A shocking new report has found hundreds of bounty hunters had access to highly sensitive user data – and it was sold to them by almost every major U.S. wireless carrier.
The practice was first revealed last month and, at the time, telecom firms claimed they were isolated incidents.
However, a Motherboard investigation has since discovered that’s far from the case. About 250 bounty hunters were able to access users’ precise location data.
In one case, a bail bond firm requested location data some 18,000 times.
AT&T, T-Mobile and Sprint sold the sensitive data, which was meant for user by 911 operators and emergency services, to location aggregators, who then sold it to bounty hunters, according to Motherboard.
The companies pledged last month to stop selling users’ location data to aggregators.
Location aggregators collect and sell user location data, sometimes to power services like bank fraud prevention and emergency roadside assistance, as well as online ads and marketing deals, which depend on knowing your whereabouts.
Motherboard discovered last month that bounty hunters were using the data to estimate a user’s location by looking at ‘pings’ sent from phones to nearby cell towers.
But it appears that the data was even more detailed than previously thought.
CerCareOne, a shadowy company that sold location data to bounty hunters, even claimed to collect assisted-GPS, or A-GPS, data.
This A-GPS data was able to pinpoint a person’s device so accurately that it see where they are in a building.
Telecom companies began collecting this data in order to give 911 operators a more approximate location for users when they’re both indoors and outdoors.
Instead, it was being sold to aggregators, who then sold it to bail bondsmen, bounty hunters, landlords and other groups.
A bail agent in Georgia told Motherboard it was ‘solely used’ to locate ‘fugitives who have jumped bond.’
Neither AT&T, T-Mobile nor Sprint explicitly denied selling A-GPS data, according to Motherboard.
CerCareOne was essentially cloaked in secrecy when it operated between 2012 and 2017, requiring its customers to agree to ‘keep the existence of CerCareOne.com confidential,’ Motherboard said.
The company often charged up to $1,100 every time a customer requested a user’s location data.

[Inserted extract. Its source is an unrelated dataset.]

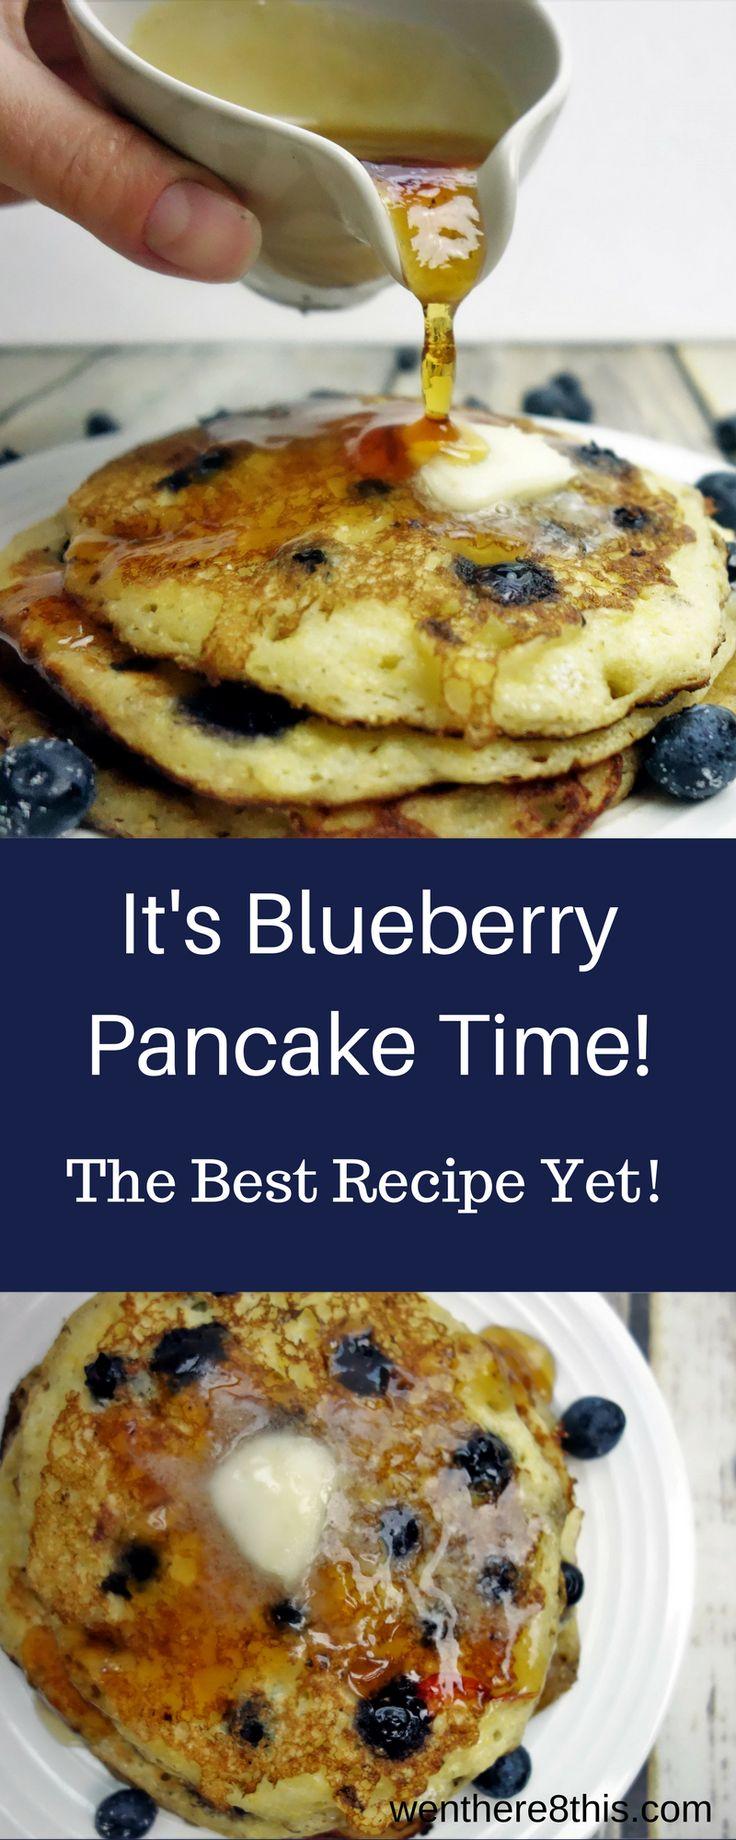 Delicious Blueberry Cornmeal Pancakes with Lemon Syrup blueberry pancakes easy, blueberry pancakes recipe, best blueberry pancakes, pancakes recipe, breakfast recipe, lemon syrup recipe, fresh lemon syrup, blueberry and lemon, corn meal pancakes, cornmeal blueberry pancakes, blueberry lemon cornmeal pancakes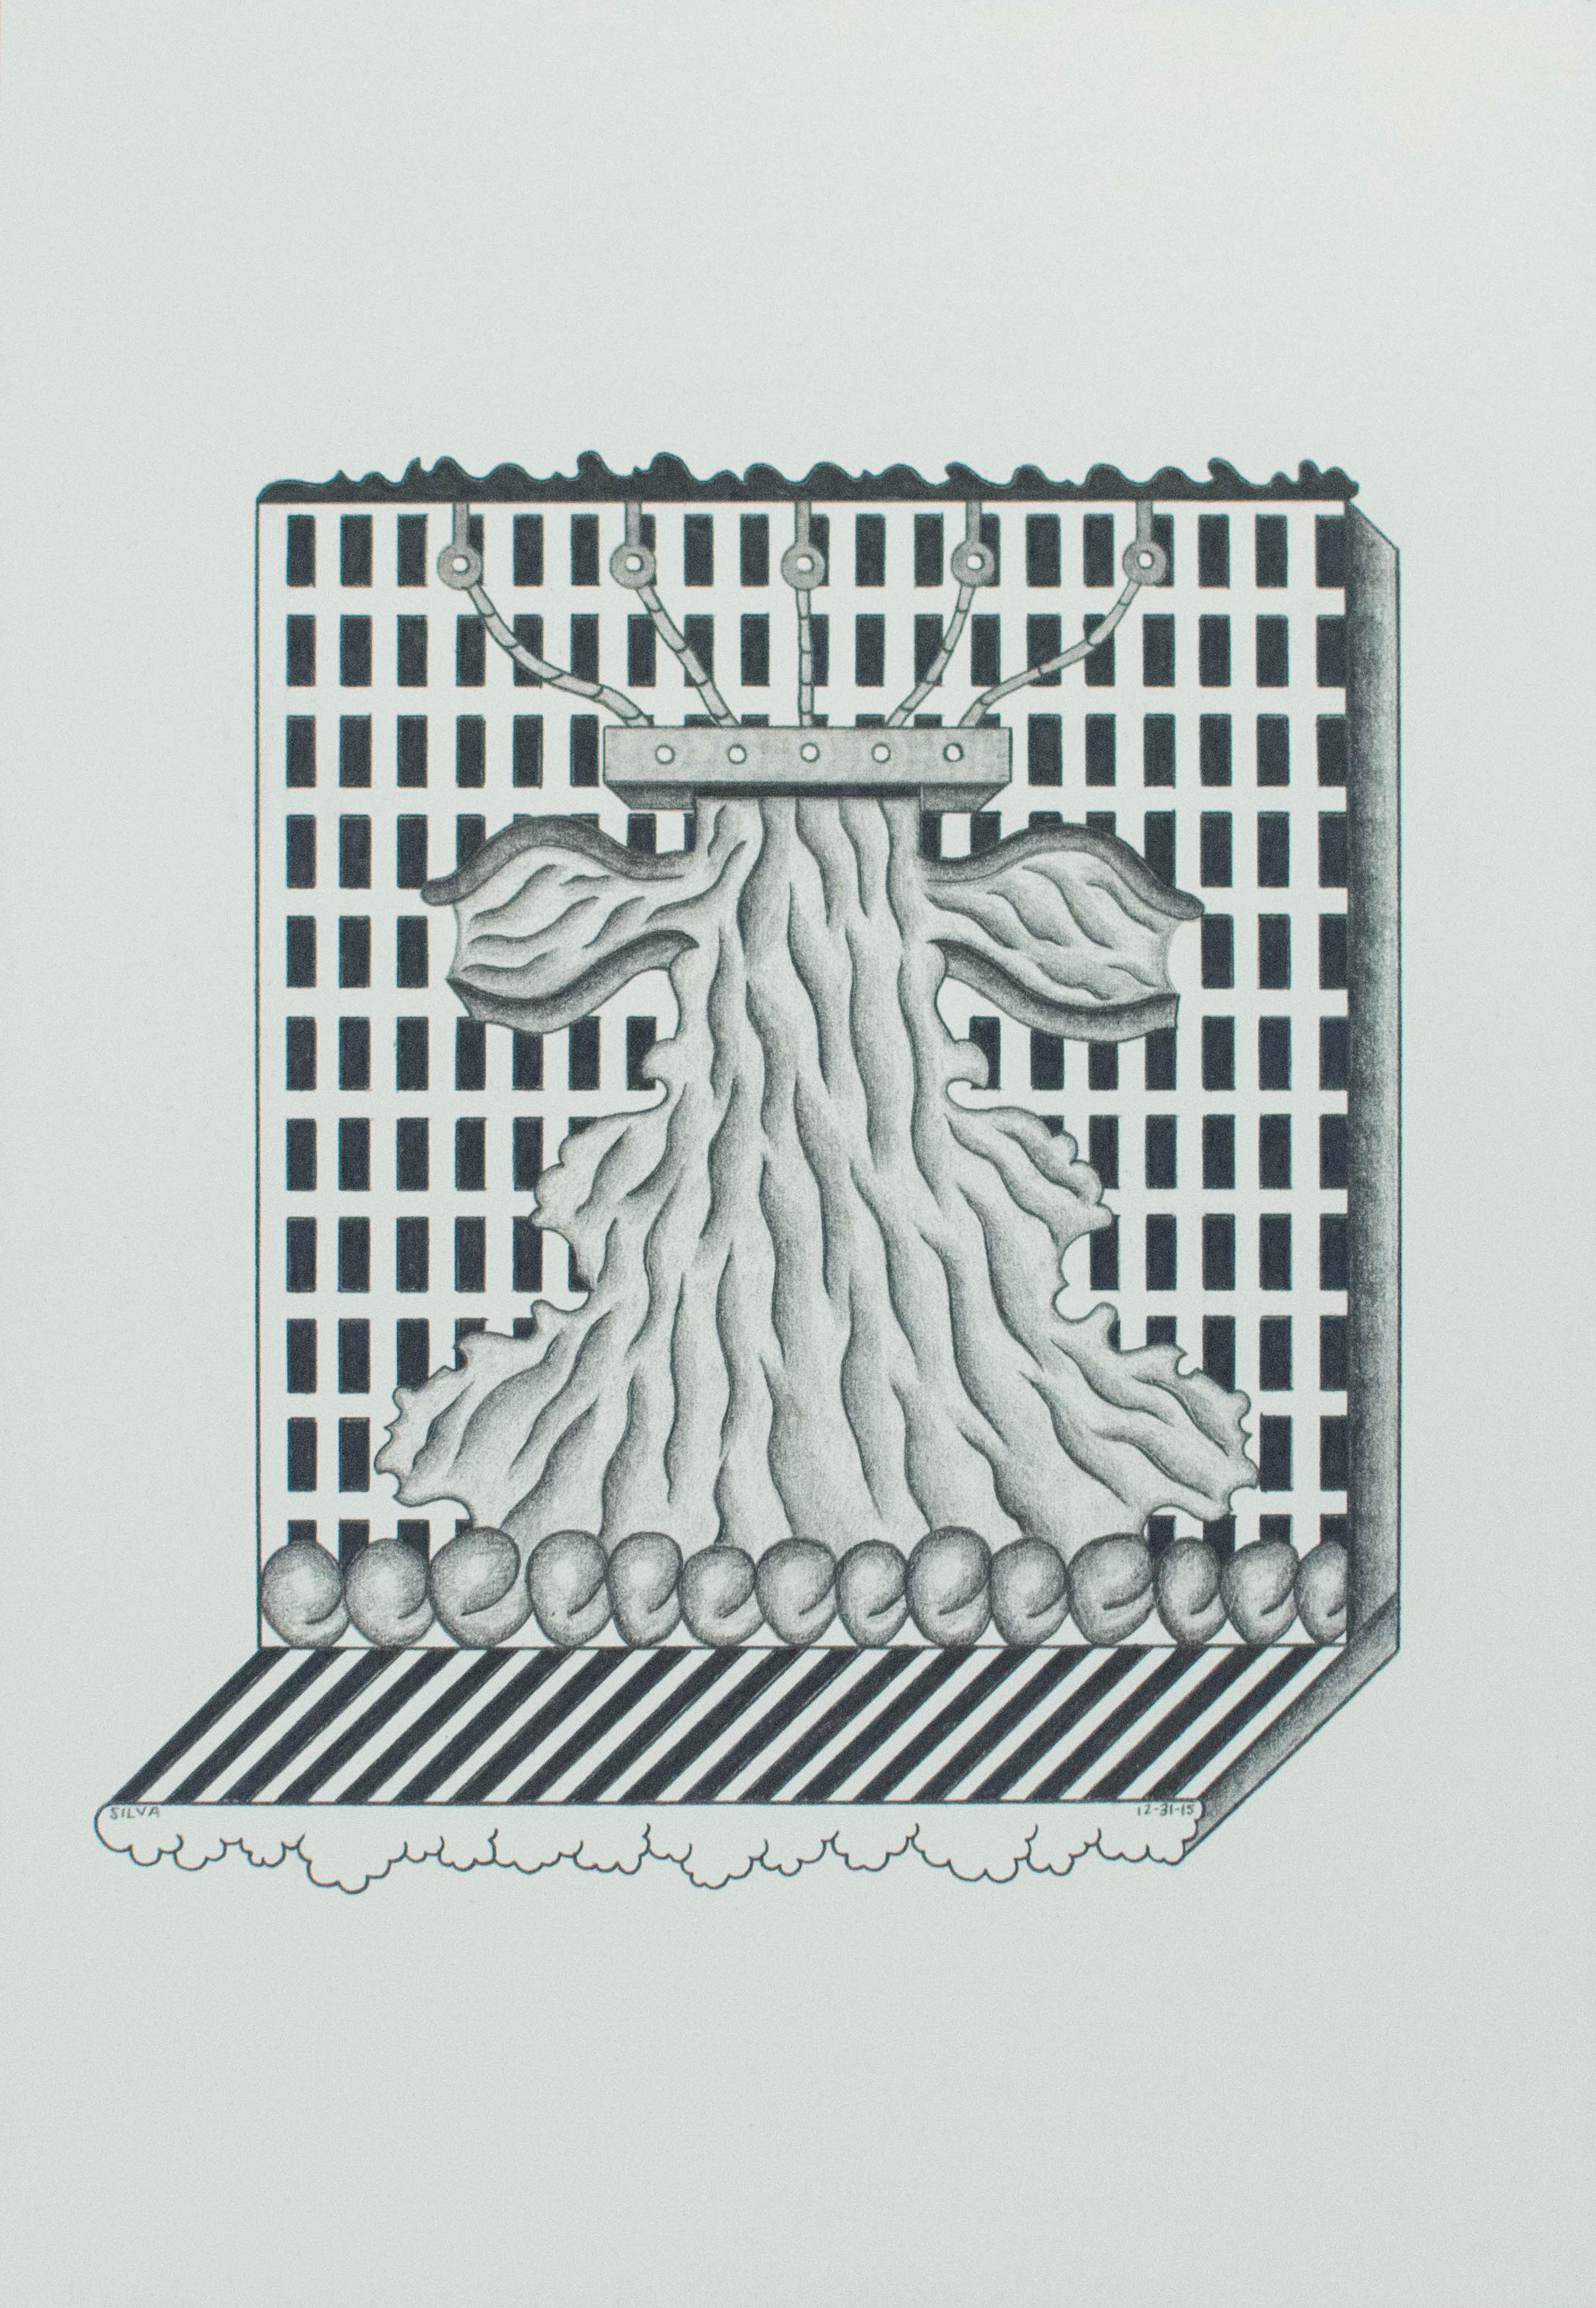 12-31-15, 2015, Graphite on paper, 7 x 10 inches

CerCareOne said it required clients to obtain written consent if they wanted to track a user, but Motherboard found that several users received no warning they were being tracked, resulting in the practice often occurring without their knowledge or agreement.
While CerCareOne is no longer operational, its prior use and existence by location aggregators raises serious concerns about how users’ data is being utilized by these companies.
AT&T and other telecoms sought to minimize the use of CerCareOne.
‘We are not aware of any misuse of this service which ended two years ago,’ the firm told Motherboard.
‘We’ve already decided to eliminate all location aggregation services—including those with clear consumer benefits—after reports of misuse by other location services involving aggregators.’
At least 15 U.S. senators have urged the FCC and the FTC to take action on shadowy data broker businesses, according to Motherboard.
‘This scandal keeps getting worse,’ Democratic U.S. Senator Ron Wyden told Motherboard.
‘Carriers assured customers location tracking abuses were isolated incidents. Now it appears that hundreds of people could track our phones, and they were doing it for years before anyone at the wireless companies took action.
‘That’s more than an oversight — that’s flagrant, wilful disregard for the safety and security of Americans,’ he added.